WHAT YOU NEED TO DO: Only the lines below from the one containing "Happy birthday @amilford13 !!!" through the one containing "1. She teaches" belong in the answer, set down exactly, with the pictures left out.

SUPPLIED RECORDS:

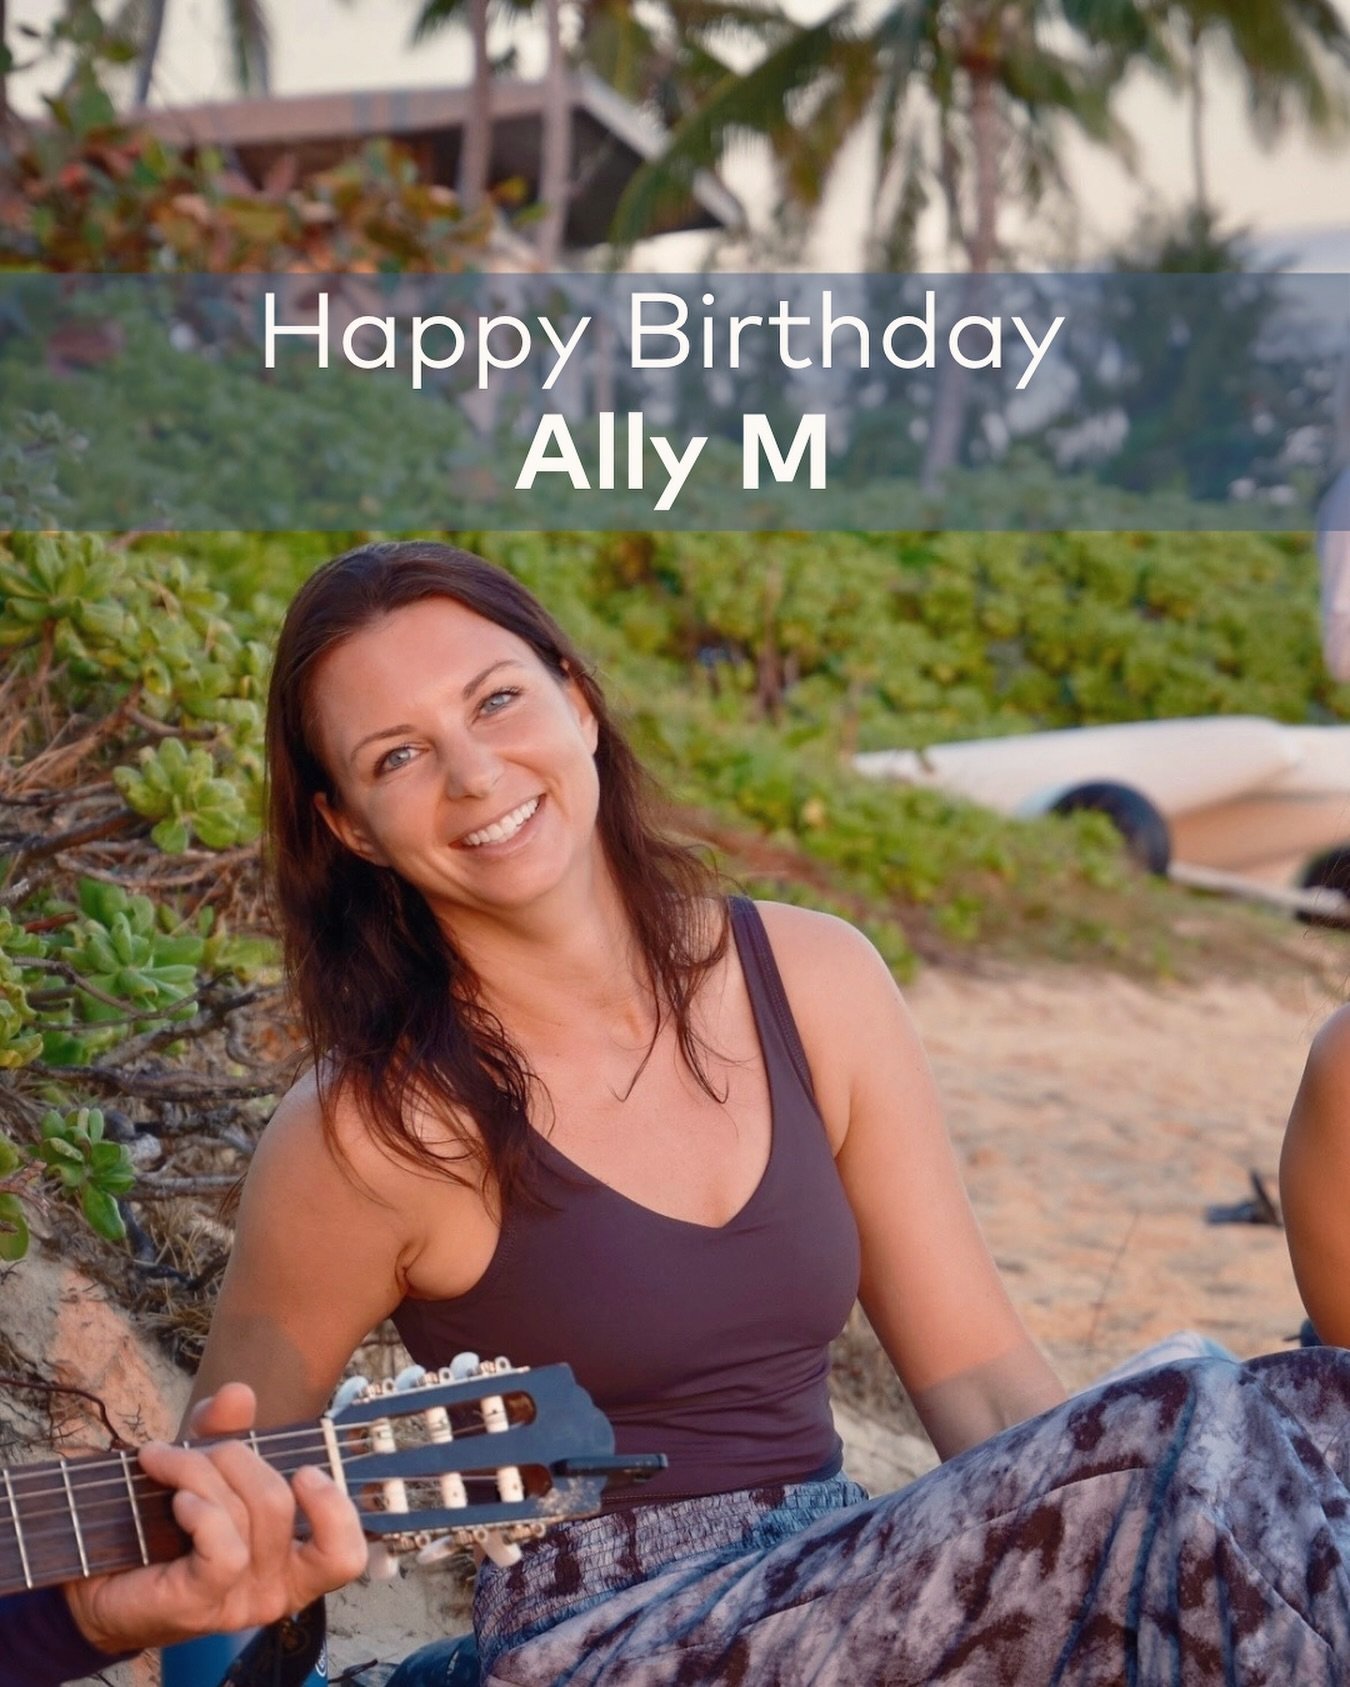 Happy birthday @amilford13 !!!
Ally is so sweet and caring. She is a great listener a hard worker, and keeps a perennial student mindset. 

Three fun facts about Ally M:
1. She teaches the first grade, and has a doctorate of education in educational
---
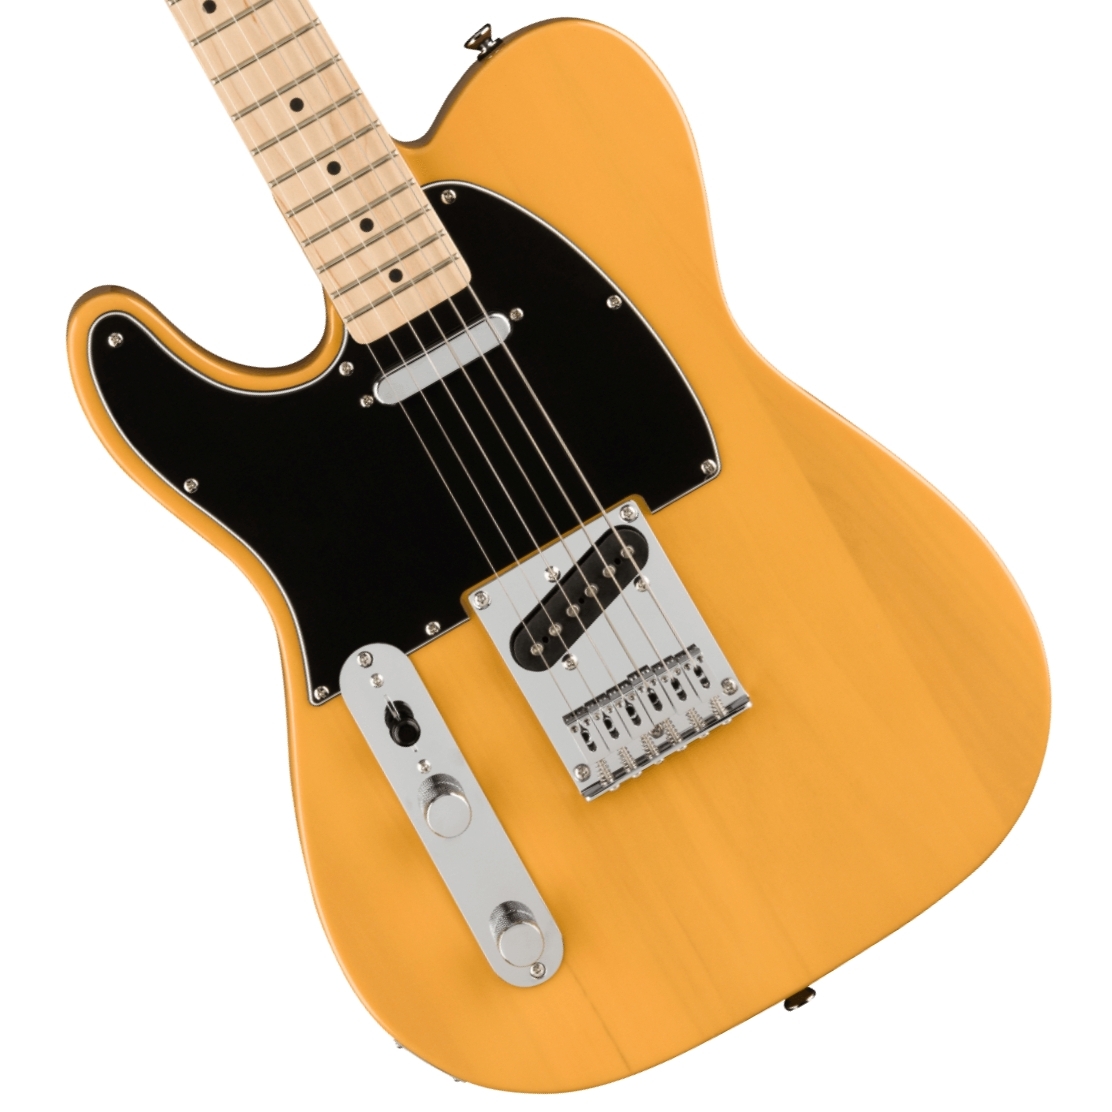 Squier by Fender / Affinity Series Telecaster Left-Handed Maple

RESULT:
 Happy birthday @amilford13 !!!
Ally is so sweet and caring. She is a great listener a hard worker, and keeps a perennial student mindset. 

Three fun facts about Ally M:
1. She teaches the first grade, and has a doctorate of education in educational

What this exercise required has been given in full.